Using -t-j for example disables JPEG recompression and leaves all other types as before, using -t+pf enables only PDF and GIF precompression, disabling everything else.
-d: (Comfort: Maximal_Recursion_Depth)
Sets the maximal recursion depth. Several streams can contain additional streams inside, for example ZIP or MIME Base64 streams. This switch specifies the maximum depth up to which Precomp will look for streams. Setting this to 0 disables recursion, the default is 10 which should be enough for most filetypes.
-f: (Comfort: Fast_Mode)
Fast mode to speed up Precomp. This switch will treat any stream like the first validated one and not test any other compression methods. This will work fine on files that use only a few compression methods, but will result in weaker compression for files with many compression methods used. Good candidates are PDF and ZIP/JAR/GZ files. Bad candidates are archives containing many different files.
With fast mode turned off, Precomp will display a message after precompression in case only one level combination was applied to the input file. This means that fast mode will do absolutely the same on this file, but faster.
-intense: (Comfort: Intense_Mode)
Intense mode will slow down Precomp much. It looks for raw zLib headers, and recognizes more file formats like SIS and SWF or special formats used only for one single program. However, the zLib header consists of only 2 bytes, so there can be many false-detected streams that aren't zLib streams but are treated like those, which results in a slower and more instable behaviour.
Intense mode can be combined with fast mode, but it could happen that a false-detected stream is the first stream and prevents further real streams to be detected, so combine them with caution.
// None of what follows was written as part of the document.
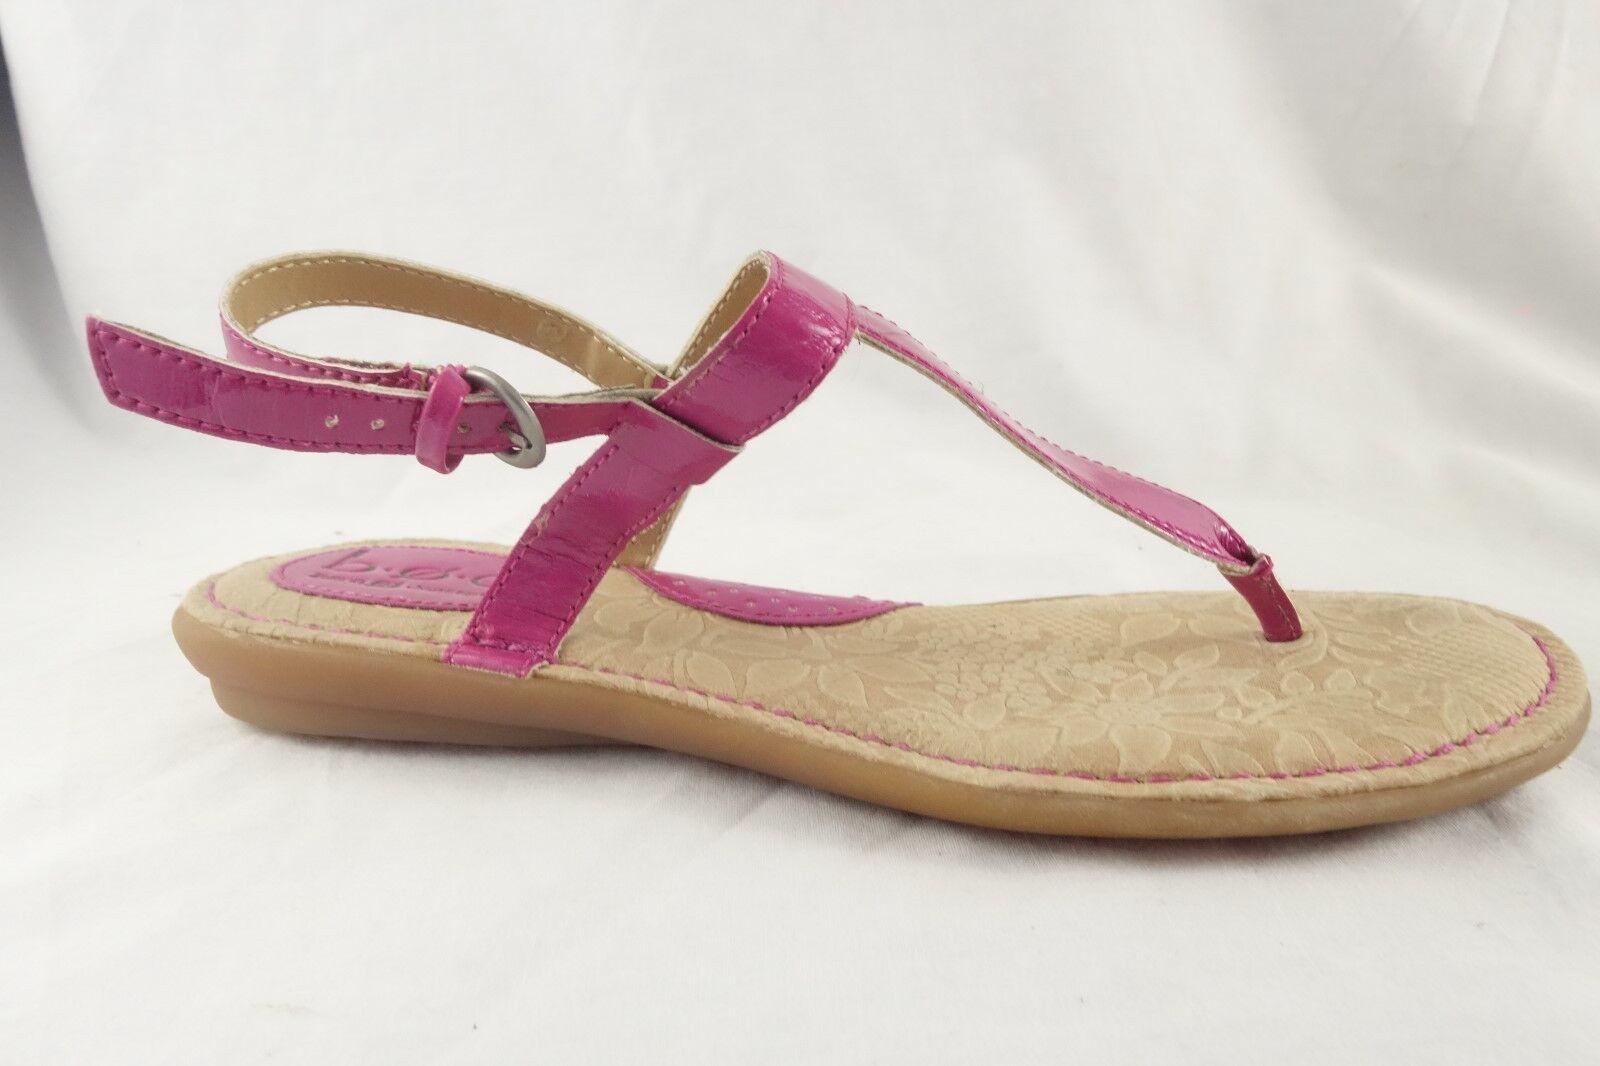 Born B.O.C Pink Thong Flip Flop Sandals Flats shoes Women's 8 39

Use this mode if you have files that use zLib compression but are not supported in normal mode (SIS, SWF, ISO files...).
-brute: (Comfort: Brute_Mode)
Brute mode will slow down Precomp extremely. It assumes that there could be zLib streams without headers everywhere. This even recognizes most exotic file formats that don't include zLib headers but will take very much time (more than a minute even for filesizes around 10 KB). If you should have data that has to be processed with this mode, better try to add zLib headers on your own.
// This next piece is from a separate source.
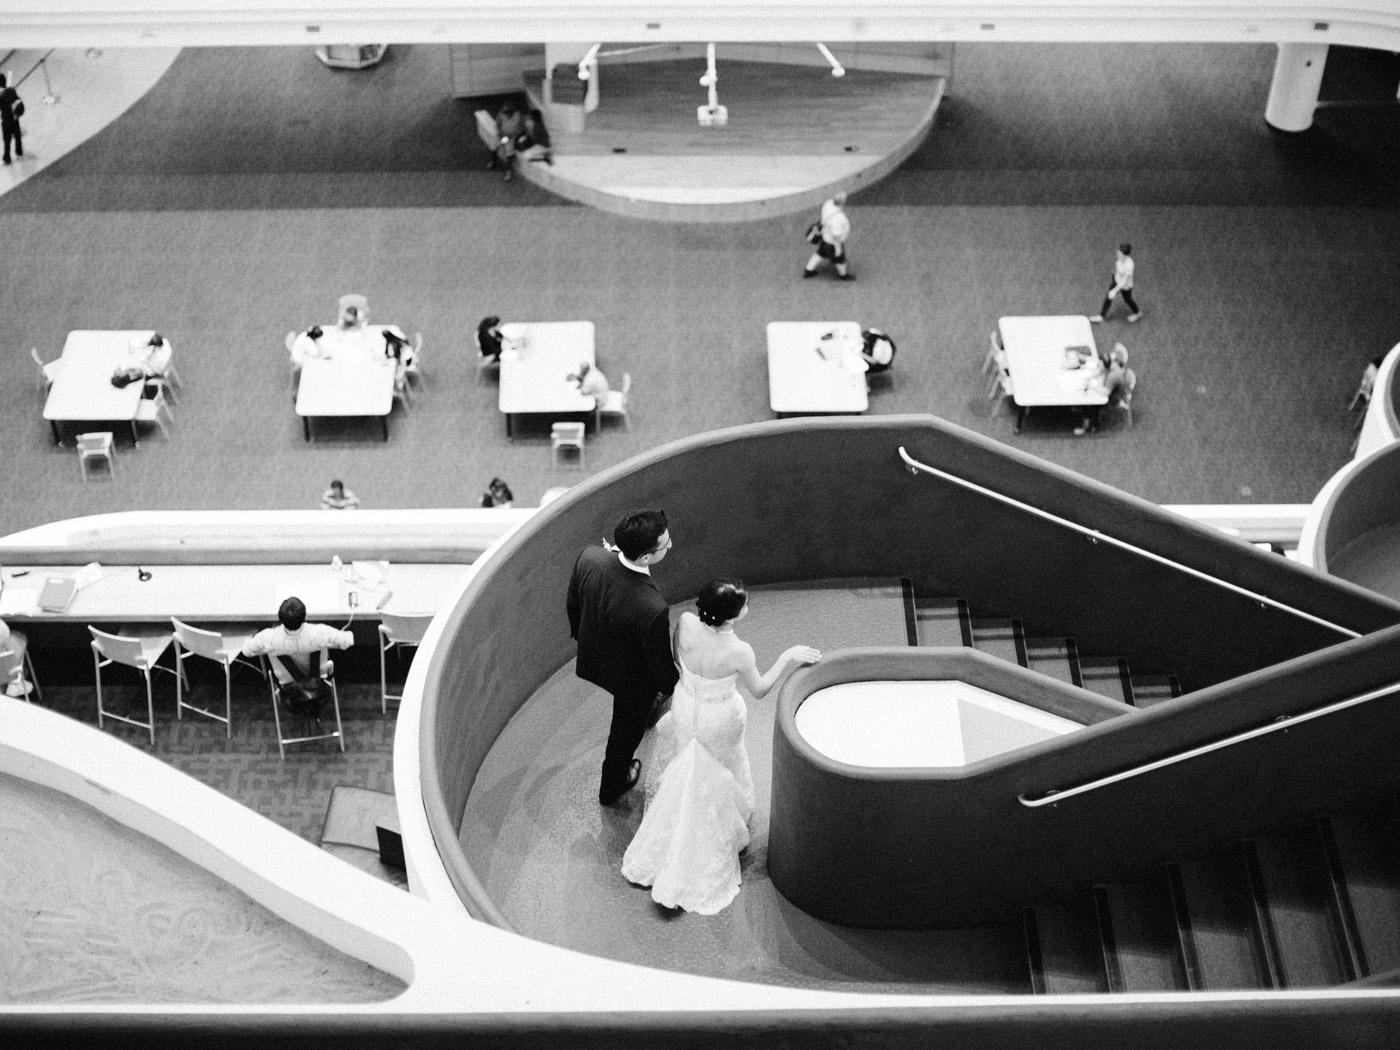 toronto_wedding_photographer_fine_art_documentary_photography-82.jpg

Brute mode can be combined with fast mode, but disables intense mode.
-pdfbmp[+-]: (Comfort: PDF_BMP_Mode)
This precedes PDF images with a BMP header to improve compression and speed, especially for PAQ.
-progonly[+-]: (Comfort: JPG_progressive_only)
Recompresses progressive JPGs only. Again, this is especially useful for PAQ which usually has a better JPG compression than packJPG, but lacks progressive JPG support.
-mjpeg[+-]: (Comfort: MJPEG_recompression)
Enables MJPEG recompression by inserting huffman tables into the JPG data.
-v: (Comfort: Verbose)
Verbose (debug) mode to gain additional information about detected streams and recompression success/failure. If you want a file with these informations, forward the output to it, like this: "precomp -v input_filename > verbose.txt".
-i: (Comfort: Ignore_Positions)
In verbose mode, you can see the position of streams in the file. With this parameter, you can ignore certain streams.
-s: (Comfort: Minimal_Size)
With this parameter, you can choose the minimal size of a stream that will be processed. The default is 4 bytes. Setting it to higher values (around 50-200 bytes) sometimes improves recompression, especially in intense or brute mode.